A critical question is this: is the EU prevented from responding more decisively to unfolding crises by the lack of a common European rapid reaction capability, or does the absence of such a capability reflect Europeans’ innate reluctance to get entangled in external military adventures in the first place?
It is worth bearing in mind that putting together a multinational response force that would allow the EU to respond swiftly and decisively to flare-ups in faraway corners of the globe is a costly enterprise. It only makes sense to make such a significant investment if there is sufficient political will and readiness to use it, and if adequately quick decision-making procedures are also in place.
There are additional limits to the lofty ideas about a ‘European Army’. All of the EU member states’ militaries today operate on the principle of a single set of forces. The decision to deploy a country’s servicemen and women to fight – and potentially die – is a critical attribute of national sovereignty. It is hard to see how any member state would agree to hand this right over to an EU institution. It is not by accident that even in NATO, where the decision to deploy forces is taken by consensus, the force generation process happens by voluntary national contributions.
The emergence of a more autonomous Europe in the area of defence and security is not going to happen overnight or by a single political decision, and it must follow an evolutionary rather than revolutionary path. The need for the EU’s technological sovereignty is today felt acutely in all member states as well as in the EU institutions. And it goes far beyond the realm of defence and security. The perceived urgency of the issue is compounded by the fast-growing threat that non-democratic global powers, such as China, may achieve hegemony in strategic areas of technological development.
What the EU needs to do to emerge as a more capable and more autonomous player on the global security scene is, first of all, substantially increase its investment in defence. This means larger defence budgets in the member states and more money for the European Defence Fund and projects such as the military mobility initiative. The shock caused by Putin’s invasion of Ukraine has made many EU capitals fundamentally reassess their previous stance on defence and security.

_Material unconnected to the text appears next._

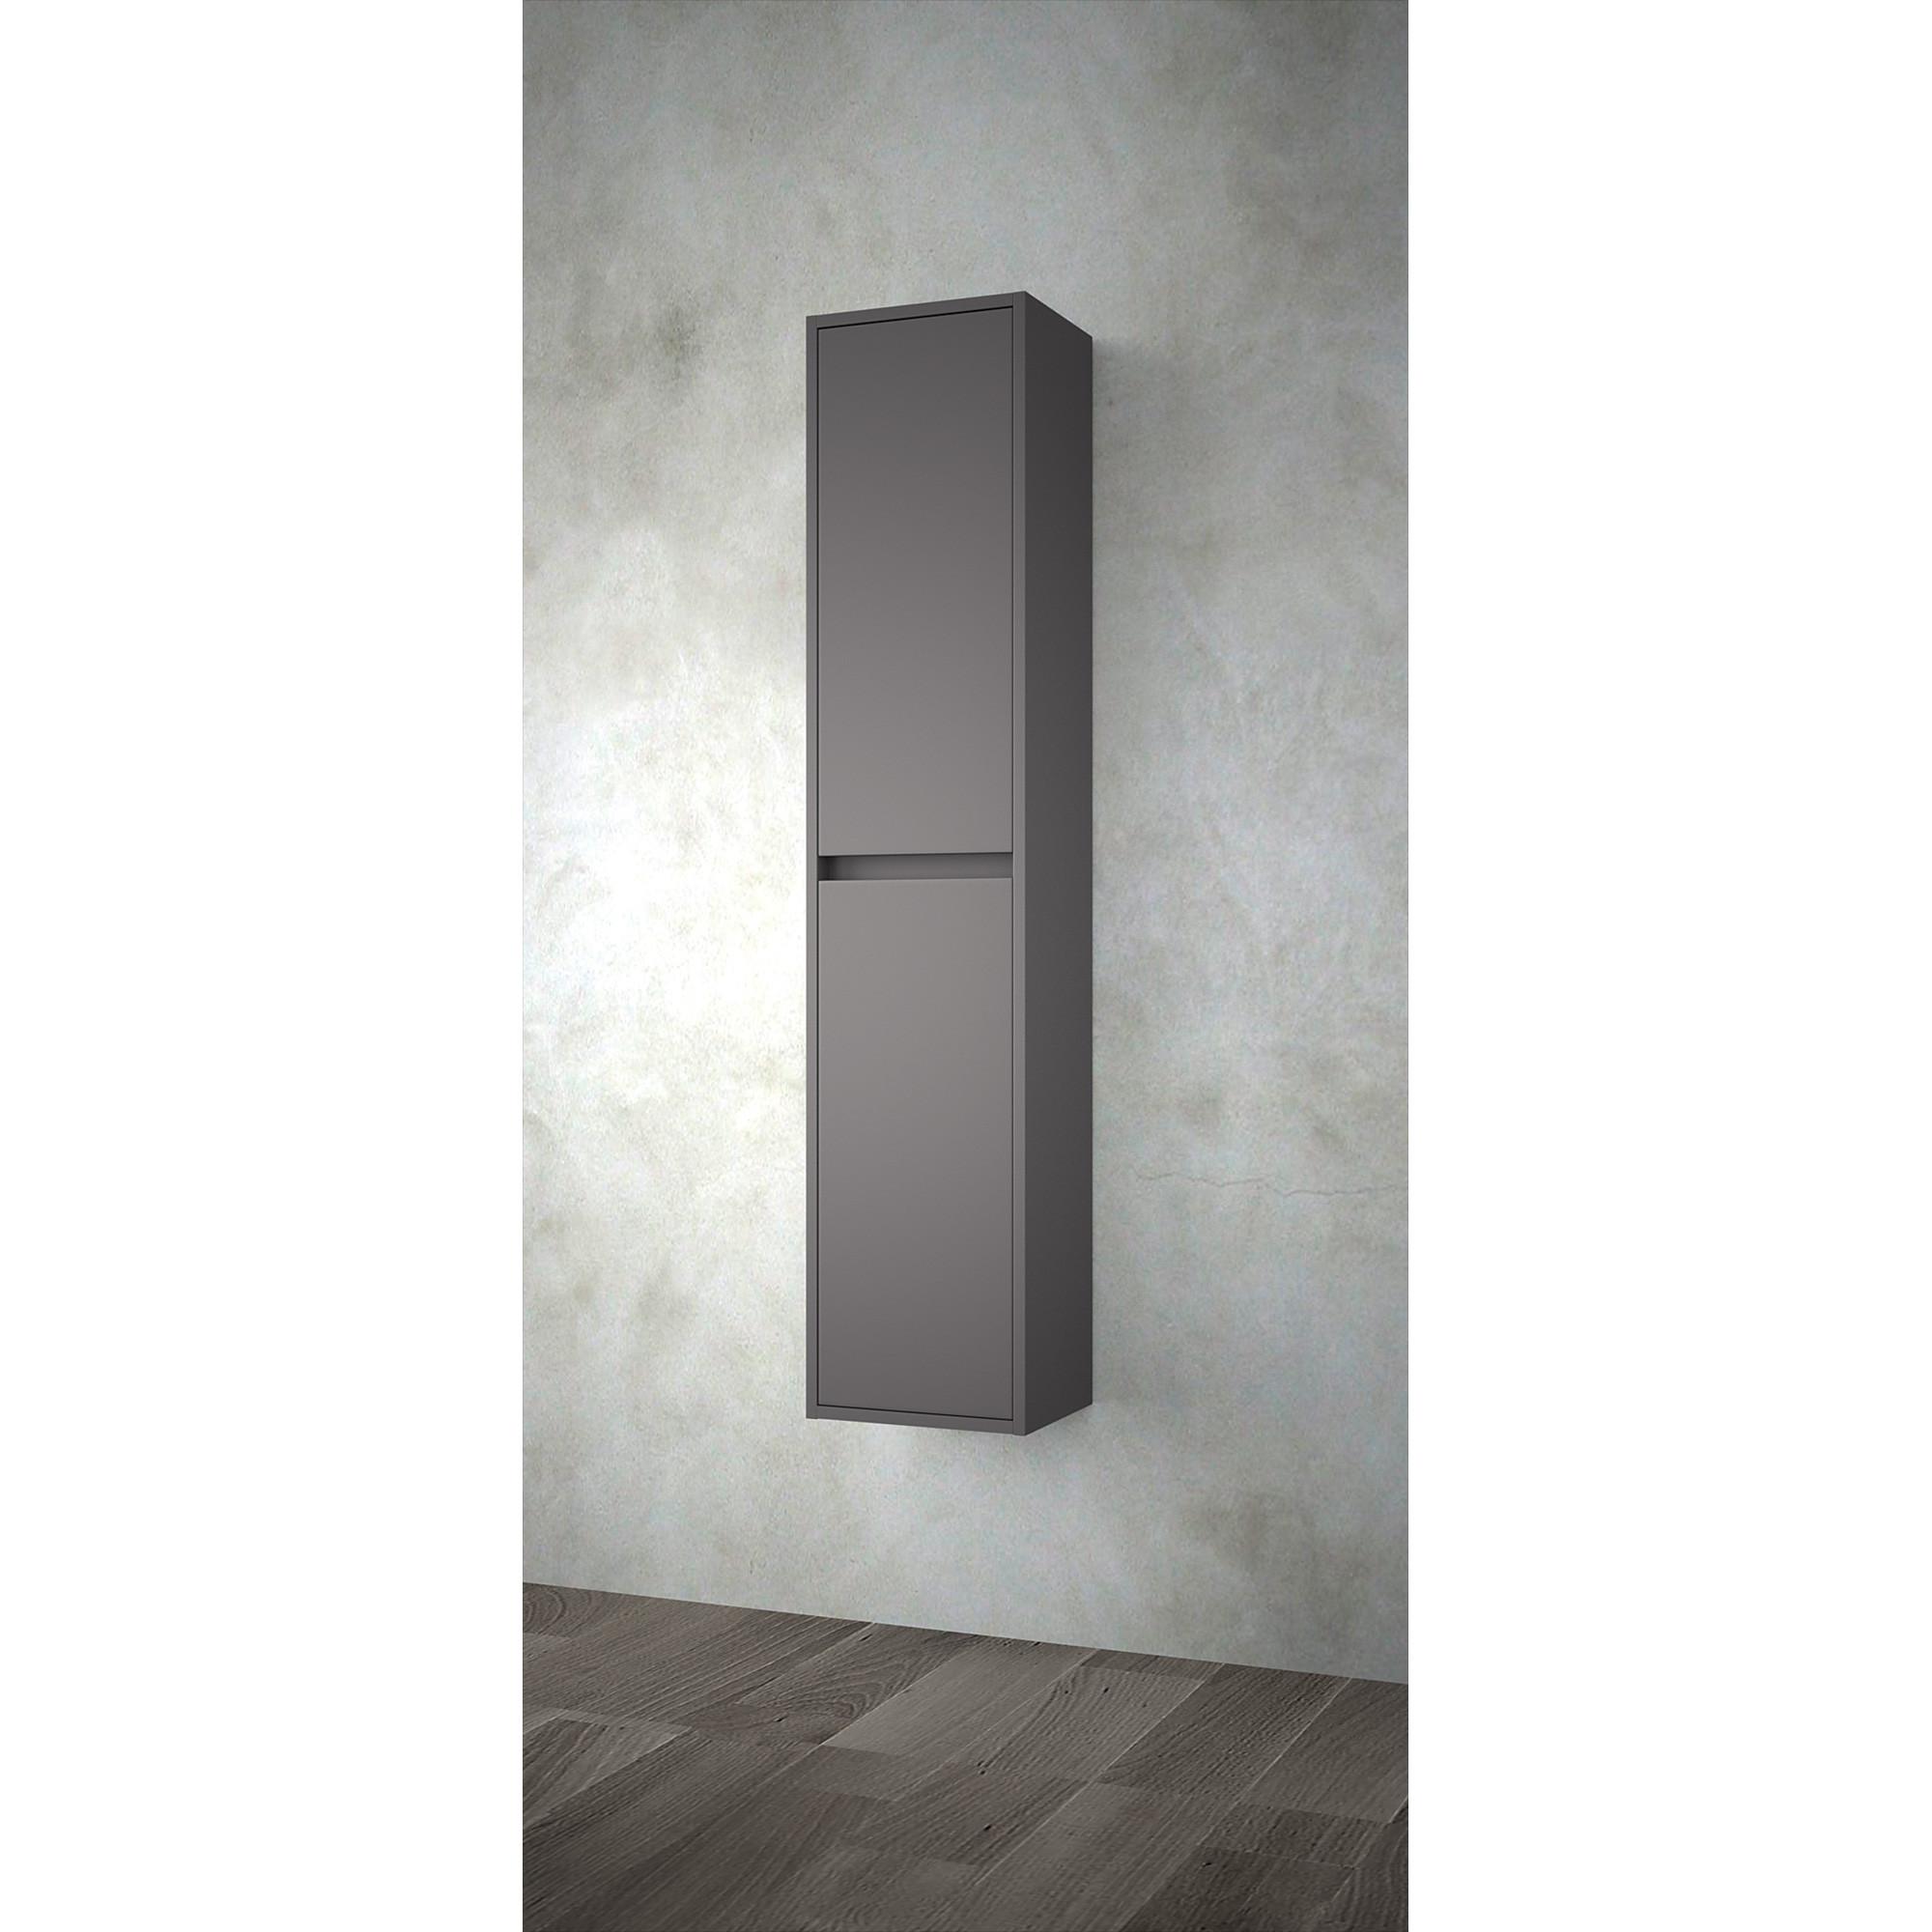 colonne salle de bain unit 300 gris mat anjou connectique. Black Bedroom Furniture Sets. Home Design Ideas

If the toughening of posture proves sustainable, it will undoubtedly lead to a stronger, more visible and more assertive European Union, even without creating a European Army or introducing qualified majority decision making to the bloc’s security policy.

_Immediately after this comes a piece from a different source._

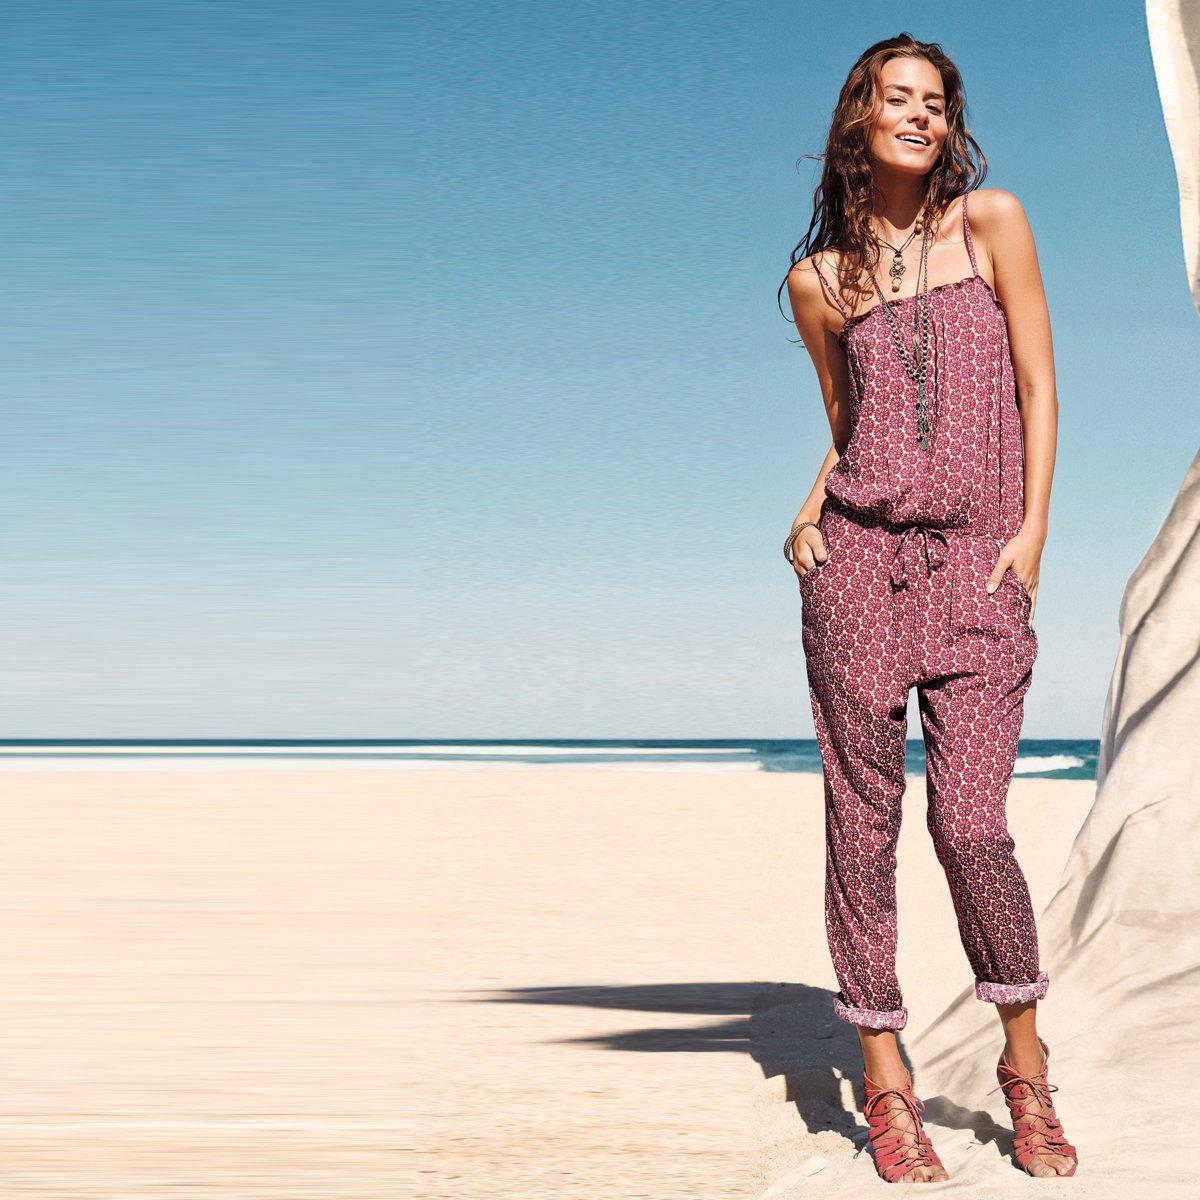 Модный портал. Летние женские костюмы - Все о моде 961

Inevitably, European strategic autonomy will never be without limits. Its scope must be clearly defined by a commonly agreed level of ambition which, in its turn, will have to be derived from a common – or at least harmonised – threat assessment. Over time, such a shared threat assessment can lead to a common strategic culture. But in a world where autocrats like Vladimir Putin continue to pose a threat not just to individual European countries’ territorial integrity but to liberal democracy and to the rules-based order globally, the maxim ‘on our own when we must, but with allies whenever we can’ remains as relevant as ever.